Ein schönes Wohlfühl-Kochbuch ganz ohne erhobenen Finger mit sehr spannenden Rezepten, die kulinarisch einige Überraschungen bieten. So macht „Essen, um zu leben“ Spaß, und ganz nebenbei erfährt man noch die Grundlagen der chinesischen 5-Elemente-Ernährung.

Nachgekochte Rezepte:

Spätsommerliche Vollmondnacht – Wärmende Suppe aus Wurzelgemüse und Esskastanien
Kastanien und Walnüsse harmonisch vereint mit Apfel, Möhre, Süßkartoffel, Orange, Fenchel, zahlreichen Gewürzen und Kräutern (Salbei!) sowie Zitronengras und Chili. Fusion at its best!
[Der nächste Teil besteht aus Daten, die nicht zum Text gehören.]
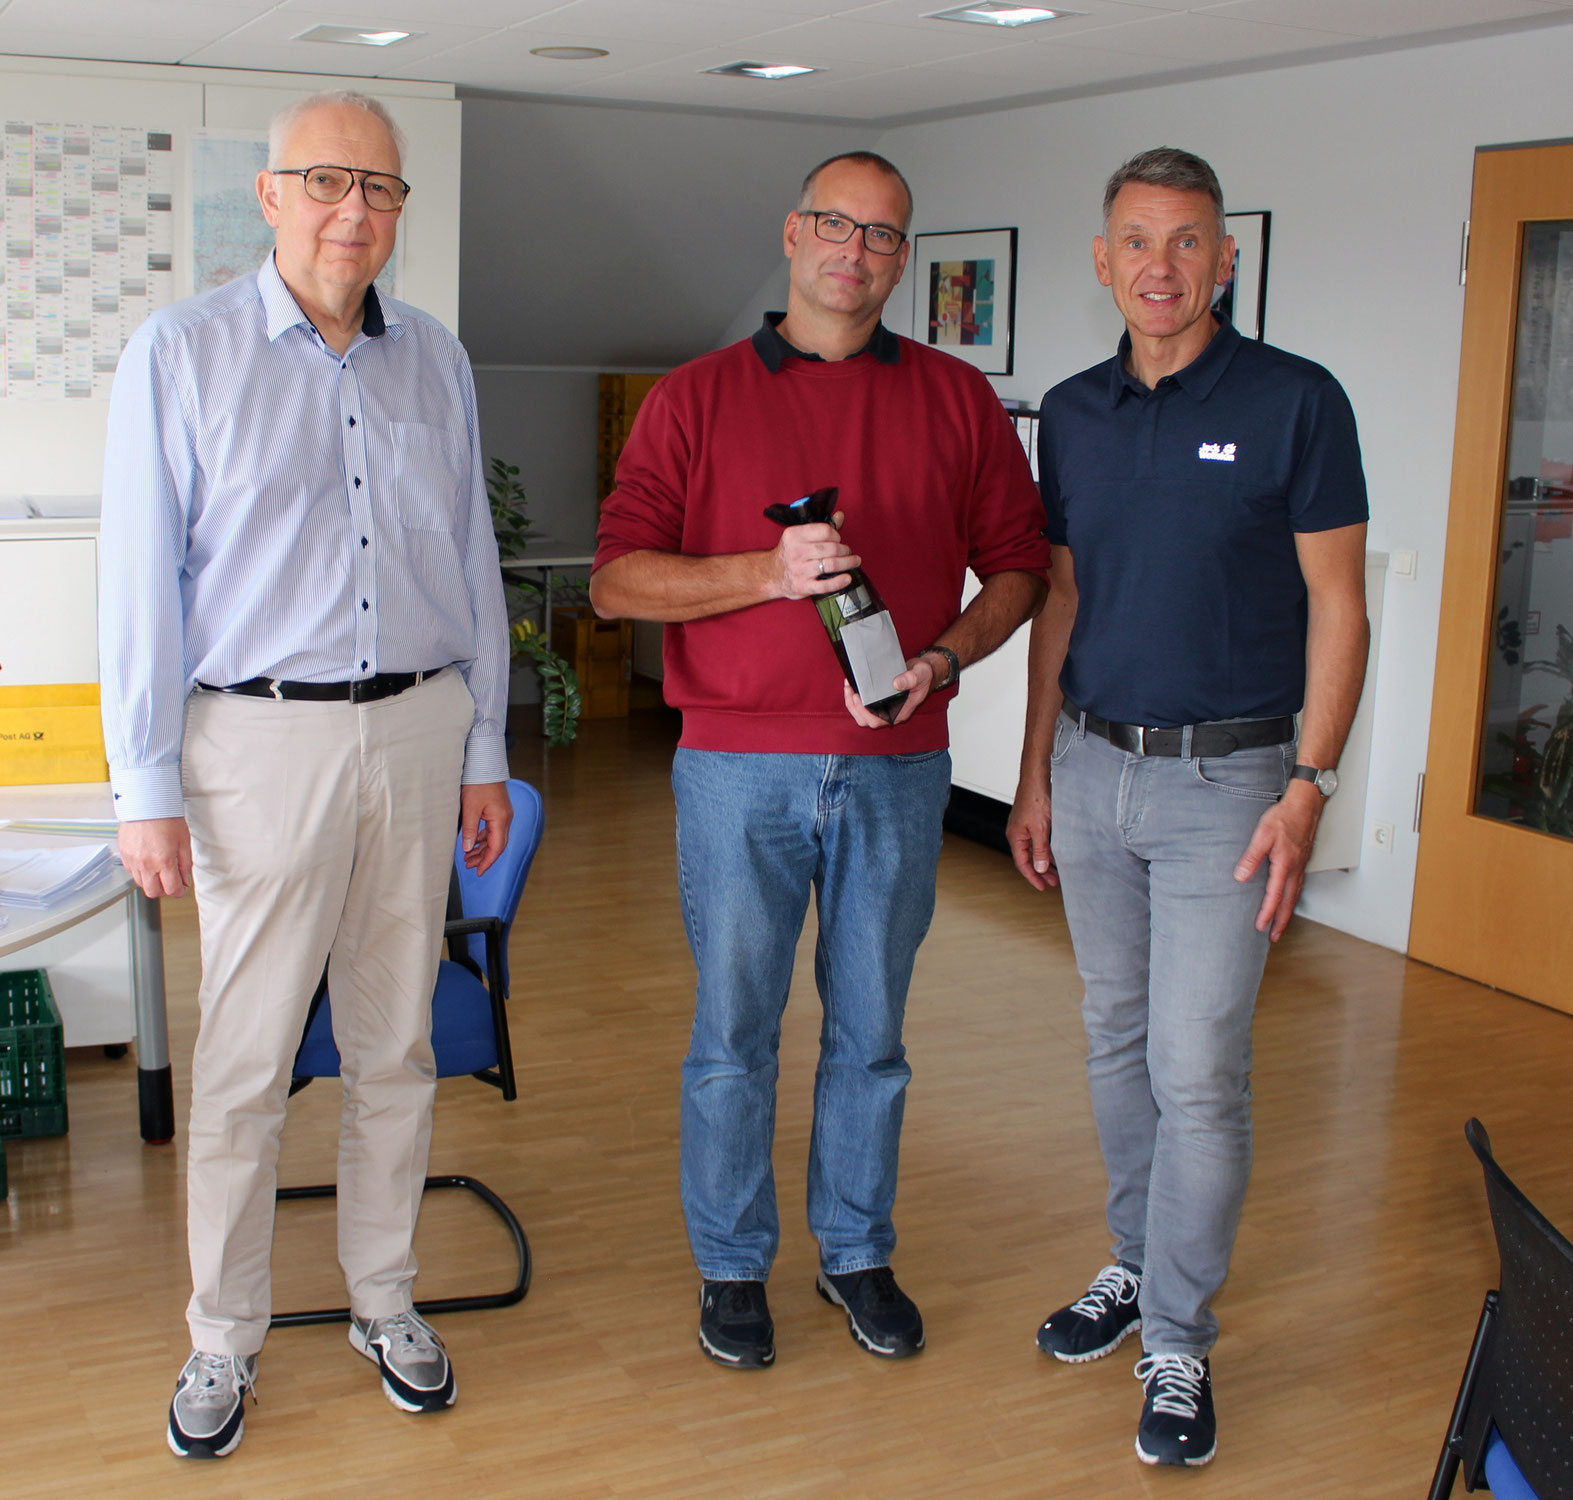 Holzfachschul-Dozent Carsten Fritzsching 50 Jahre jung

Sonnenuntergang am weißen Fluss – Lauwarme Rote-Bete-Suppe mit Pinienkernen
Eine schnelle Suppe, für die vorgekochte Rote Bete zum Einsatz kommt. Auch hier ist wieder alles dabei: Getreide (Buchweizenschrot), Limettensäure, Pinienkerne, Rucola und Ingwer, Gewürze wie Sternanis und Zimt. Da bleibt garantiert nichts übrig!